Remember that we run a large current account deficit, so we need to take in new foreign capital every day just to maintain our lifestyle. So this isn’t just about foreigners refusing to understand the American debt dream.

It’s true that the euro zone has had a rocky ride in recent months and we shouldn’t expect those countries to sort out their problems soon. Another round of serious euro sovereign debt issues is likely as we head into the spring.

But the euro leadership will sort itself out; there is too much on the line. A stronger and more Germanic core of the euro zone will establish its fiscal credibility and its resilience.

The key to debt sustainability isn’t how much revenue the government can raise relative to gross domestic product or some other economic characteristic.
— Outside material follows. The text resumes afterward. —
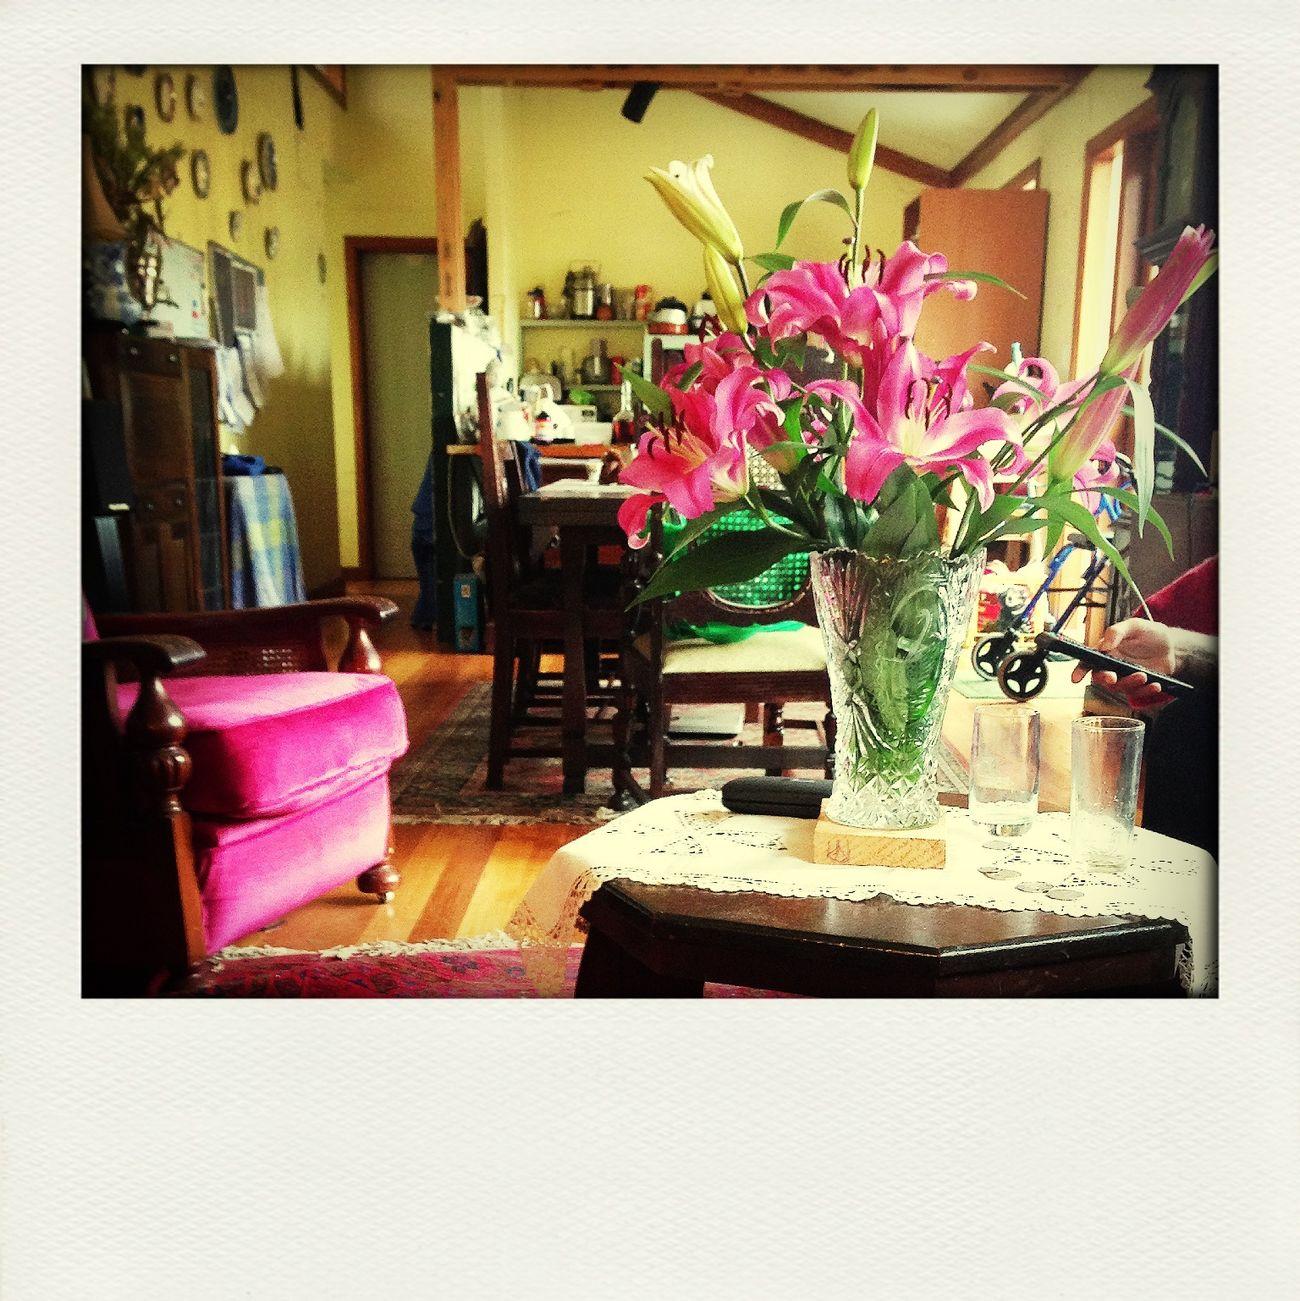 I love having fresh flowers around the house
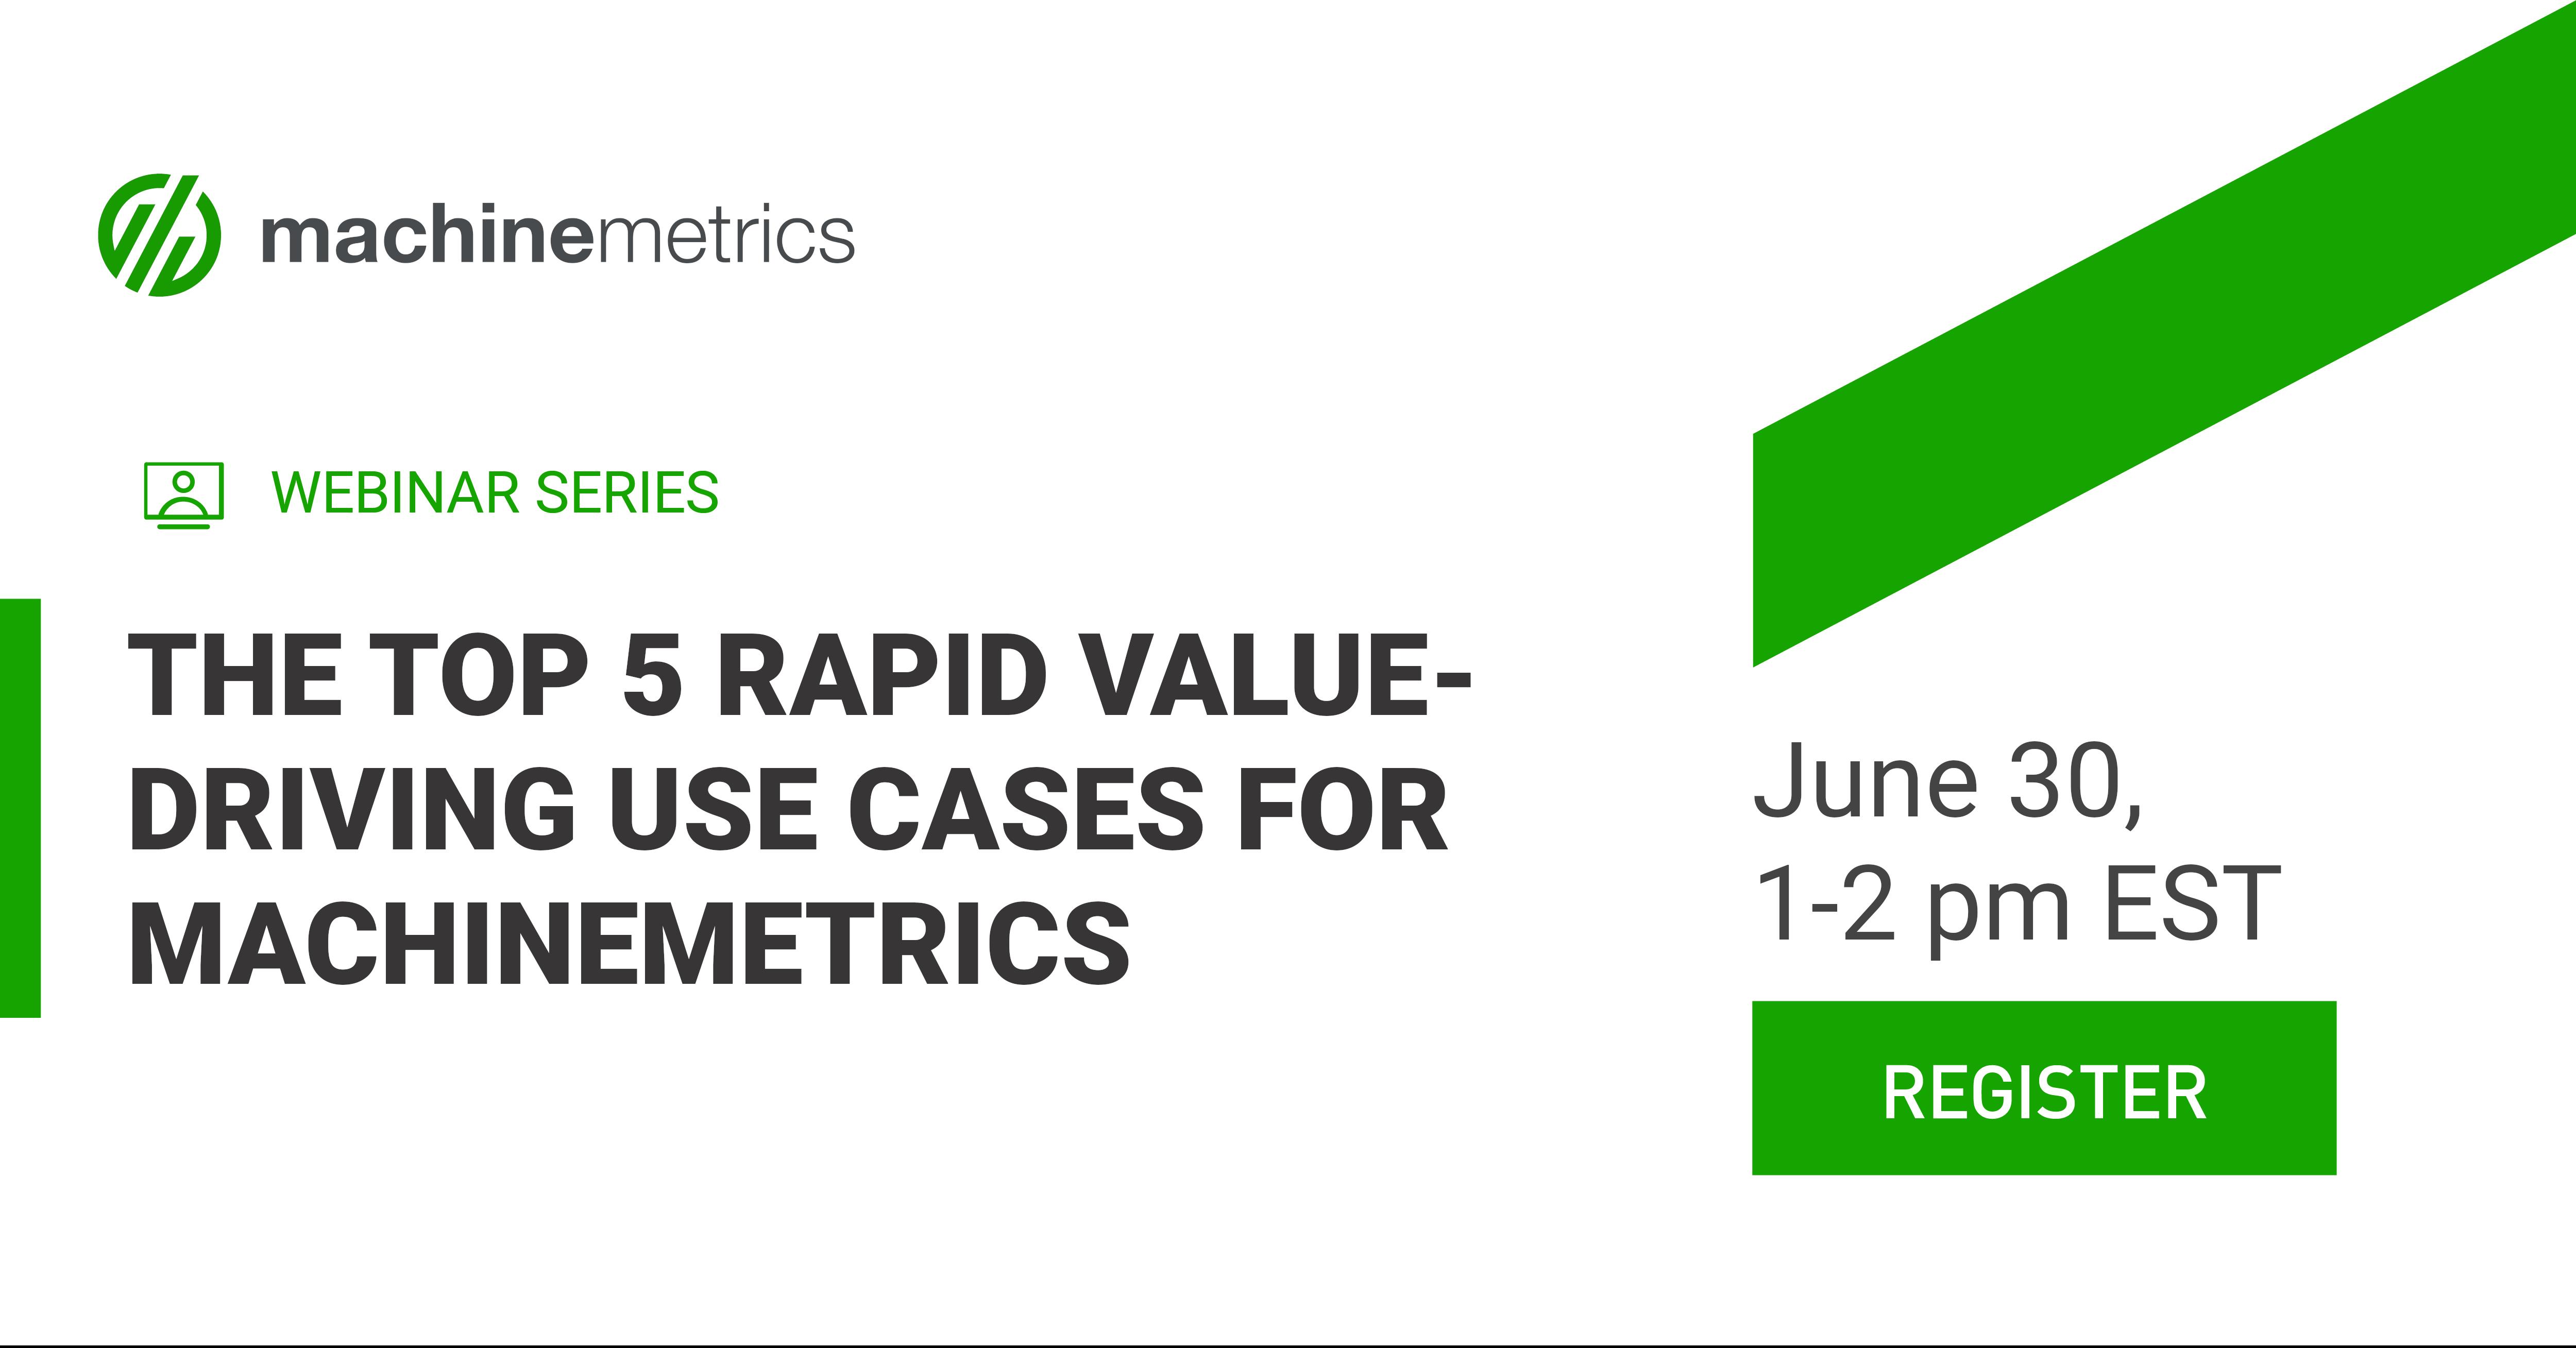 rapid-value-driving-use-cases-machinemetrics-webinar-meta

It’s whether a country has the political will to raise taxes or cut spending when under pressure from the financial markets.

This is where Greece and Ireland were found wanting in 2010; we’ll see how Portugal, Spain, Italy, Belgium and perhaps even France do in 2011. Then it will be the U.S.’s turn.

It’s Easy

The issue isn’t whether we can muster a bipartisan consensus to cut taxes; this is easy to do. But can our politicians agree on what to do when 10-year Treasury yields surge, interest payments soar and there are concerns about the rollover of our relatively short-term government debt?

One response is: The Federal Reserve won’t let this happen and will use another round of quantitative easing or some other innovation to hold down long rates. Maybe so, but 10-year benchmark rates have spiked in the past month or so, and mortgage rates -- presumed to be the Fed’s target -- have gained more than half a percentage point from recent lows.

Some people, like my colleague Joseph Gagnon at the Peterson Institute for International Economics, think this reflects the success of the current round of quantitative easing. Others feel that it shows global sentiment already turning against U.S. fiscal policy. Either way, it suggests the U.S. has only a limited ability to finance its growing debt at very low interest rates.

Three Developments

When this kind of fiscal pressure builds, we typically see three developments. First, there is a fuller accounting of off-balance-sheet and contingent liabilities. We will hear a great deal about what the U.S. government really owes over the next 10 or 20 years in terms of its support for everything from public pensions to banks that are too big to fail.

Second, a state or other entity will get into serious trouble and threaten to default, creating a potential Lehman- type moment. The question is, just how much is the federal government on the hook?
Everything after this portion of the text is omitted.